Washington is about to lay out one of the best arguments ever made for the US Constitution. And it is beautiful.

A Just Claim to Your Confidence & Support

The ratification process for the Constitution took a long time. 10 months of debating, examination, and deliberation until finally the necessary 9 out of 13 states ratified a new governing document for the young America.

Since it’s ratification 230 years ago, it has only been modified 27 times total (17 if you don’t count the Bill of Rights). Just take a moment and think about that. This document, hammered out in the muggy heat of a Philadelphia summer, was about as close to perfect as mortal men could hope to get.

Washington praises it as “free” in its principles and distribution of powers. In other words, the whole thing was designed around maximizing liberty. He says that it strikes that delicate balance between security and energy, or to say it another way, the Constitution protects our rights while at the same time gives us a government that is able to fulfill the necessary functions of a government.

One of the principles installed directly into this new Constitution was a process for its own amendment. This was largely a new way of doing things. Despots rarely make allowances for changes to their policy. Monarchs rarely give their subjects a say in changing the process. Yet in America, things were going to be different.

For these reasons, Washington believed that the new Constitution had every reason to inspire confidence and merit wholehearted support.

After laying out these reasons, Washington kicks things into overdrive and gives one of the best explanations for why the Constitution must be followed.

Fundamental Maxims of Truth Liberty

Washington reminds the people of America about one of their first founding documents – the Declaration of Independence.

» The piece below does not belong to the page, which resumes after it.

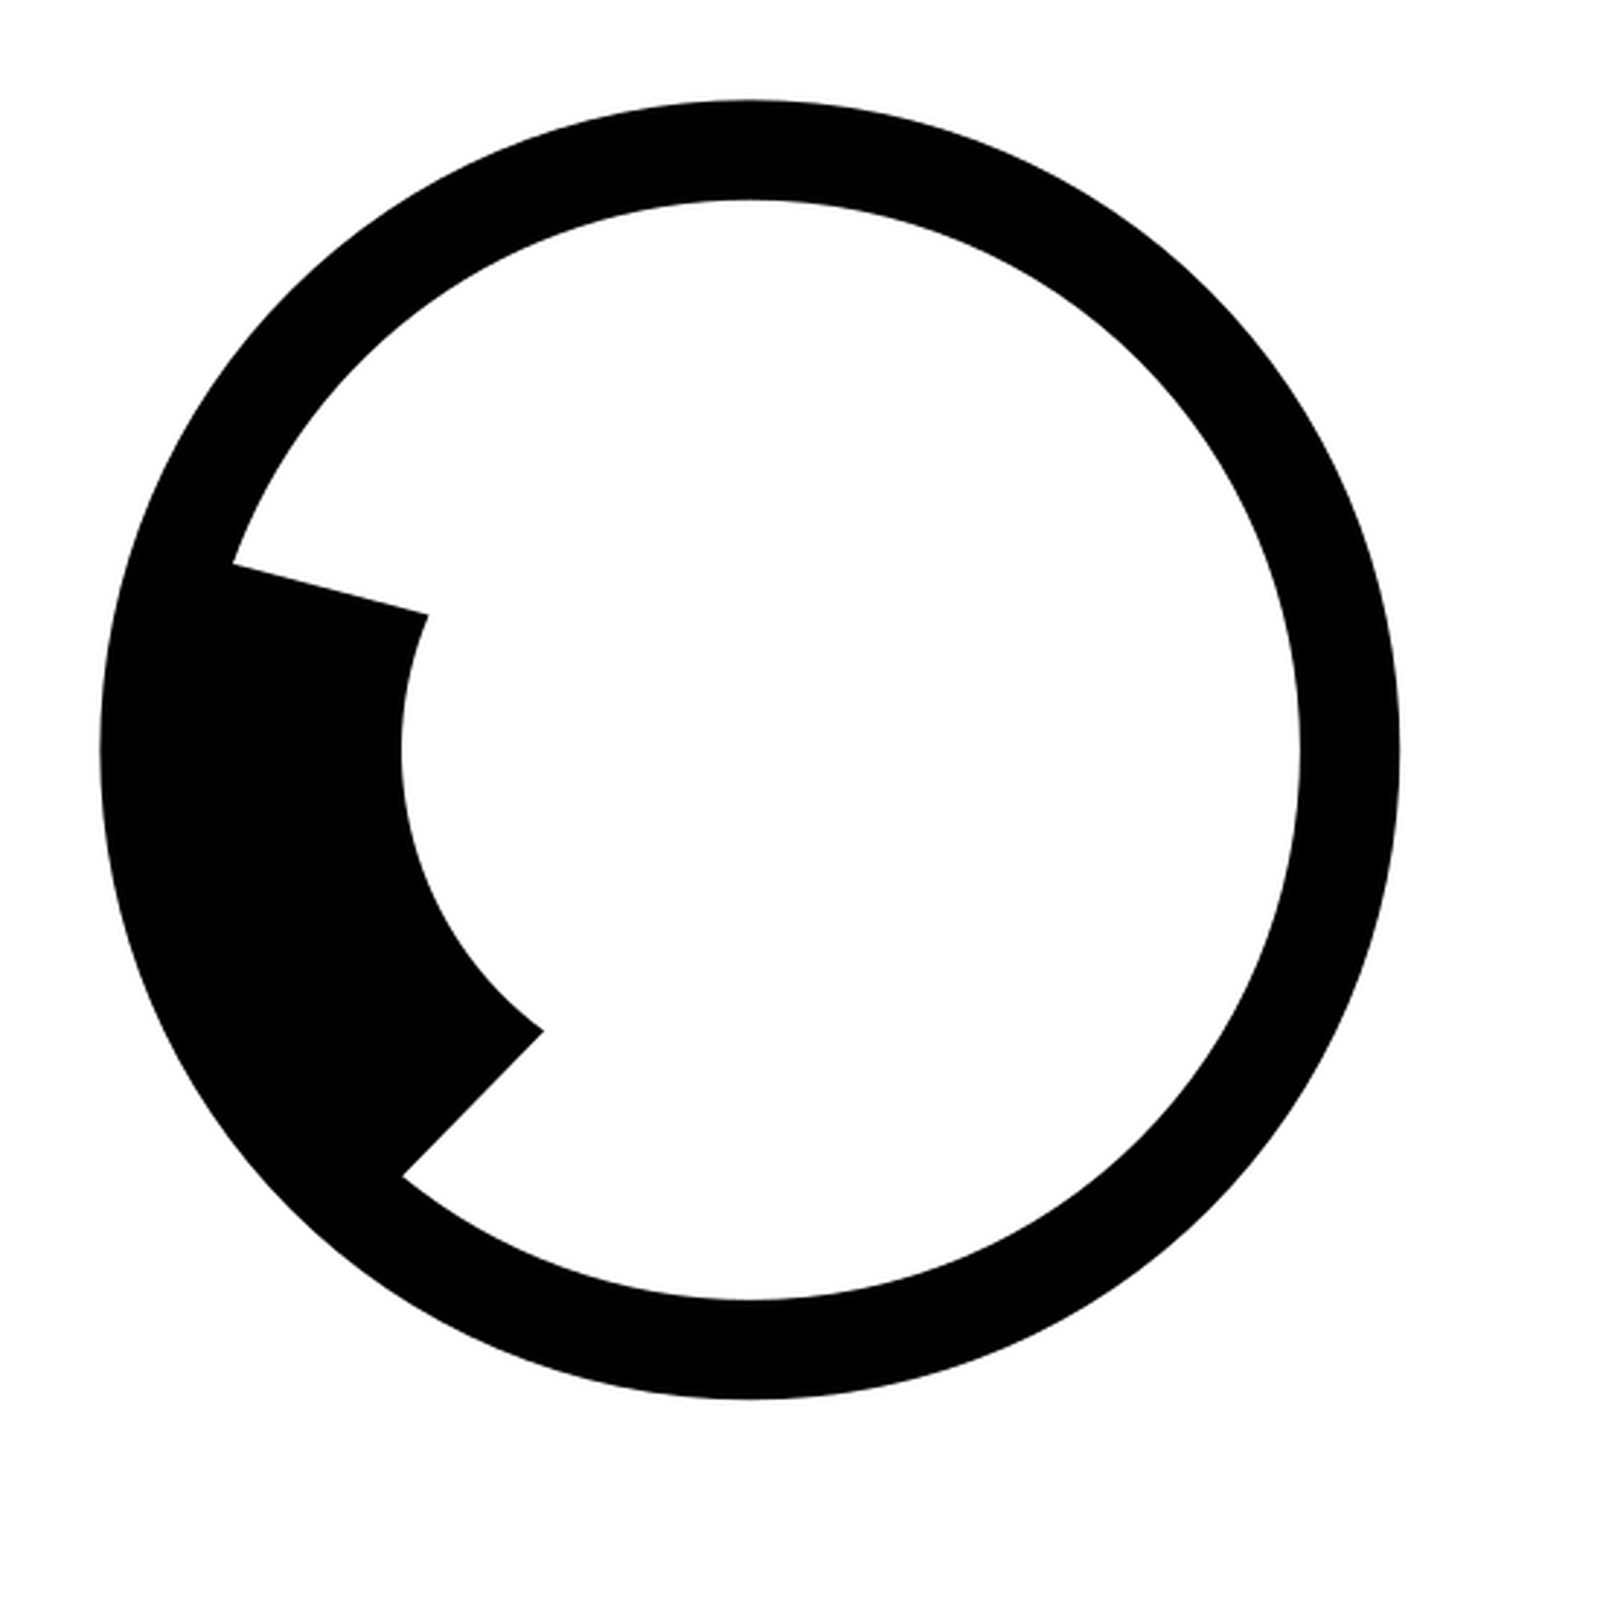 Light Dimming 20 Percent icon

In that pithy declaration is a long sentence that details all the things free citizens have a right to expect and demand from their government. The things include the protection of our God-given, inalienable rights to life, liberty, and the pursuit of happiness. When government fails to fulfill its role, the Founding Fathers made it very clear what needs to happen next – “whenever any Form of Government becomes destructive of these ends, it is the Right of the People to alter or to abolish it, and to institute new Government, laying its foundation on such principles and organizing its powers in such form, as to them shall seem most likely to effect their Safety and Happiness.”

Washington goes so far as to say that this is the basis for our political system. The right of the people to get rid of what is not working, and replace it with what will work. Not through violent revolution, but by following the rules laid out in the Constitution itself.

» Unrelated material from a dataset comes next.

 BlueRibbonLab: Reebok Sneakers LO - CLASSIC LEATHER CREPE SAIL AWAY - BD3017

Right now, many people are getting fired up. They are all about burning it down, destroying the system, sticking it to the man. However, they would do well to listen to Washington’s next words.

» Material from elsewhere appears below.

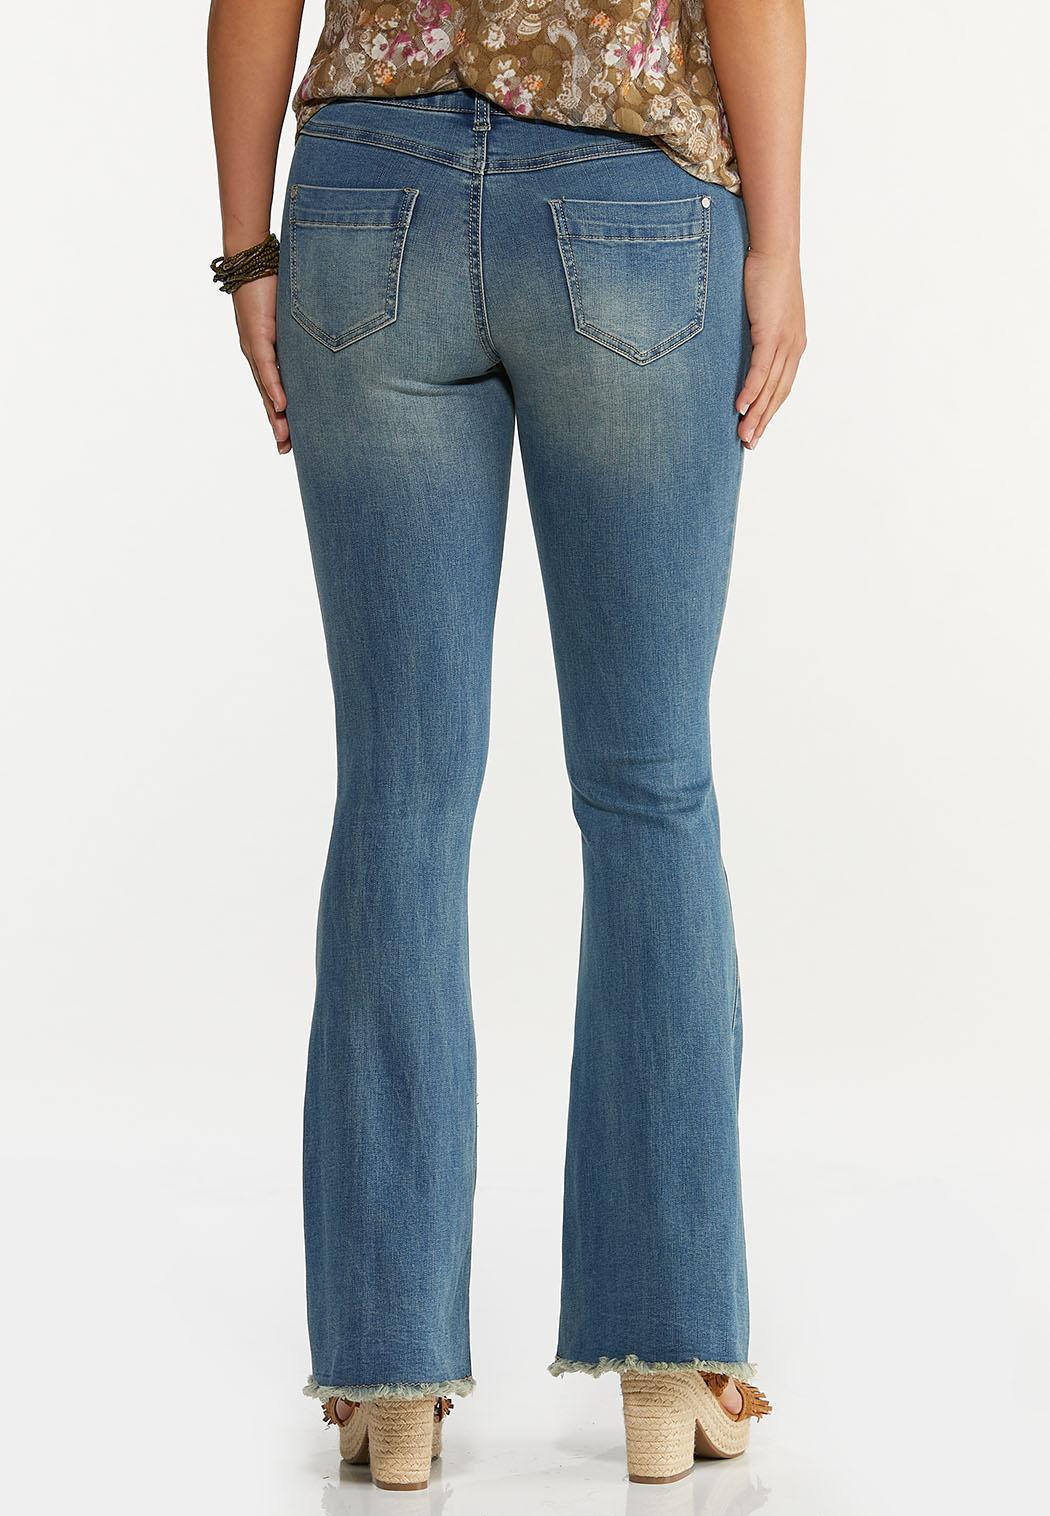 Distressed Flare Jeans (Item #44626938)

The next sentence starts with “but”. Washington is shifting gears, everything up until this point still remains valid, however Washington is about to put a qualification on it.

There is a process for changing the Constitution. But until it is changed by an explicit and authentic act of the whole people, it is sacredly obligatory to everyone. As the supreme law of the land, nothing could make more sense. In the Constitution is a method for changing the Constitution. But unless that method is followed, unless the people have made that explicit and authentic act, then the Constitution as it now stands must be respected and followed.

Today    

“The very idea of the power and the right of the people to establish government presupposes the duty of every individual to obey the established government.”

There can be no liberty without law. There can be no law without obedience. Through the Constitution, America’s form of government was established. With 27 minor changes, that form of government remains the same today as it was 230 years ago.

The very fact that we have a power and right to establish a government for ourselves means that we must obey the government that we have. This system preserves liberty because baked in is the ability to alter or abolish in order to make our freedom secure.

Washington, the Father of our Country, was also the President of the Constitutional Convention. So we don’t have to wonder if he knew what he was talking about.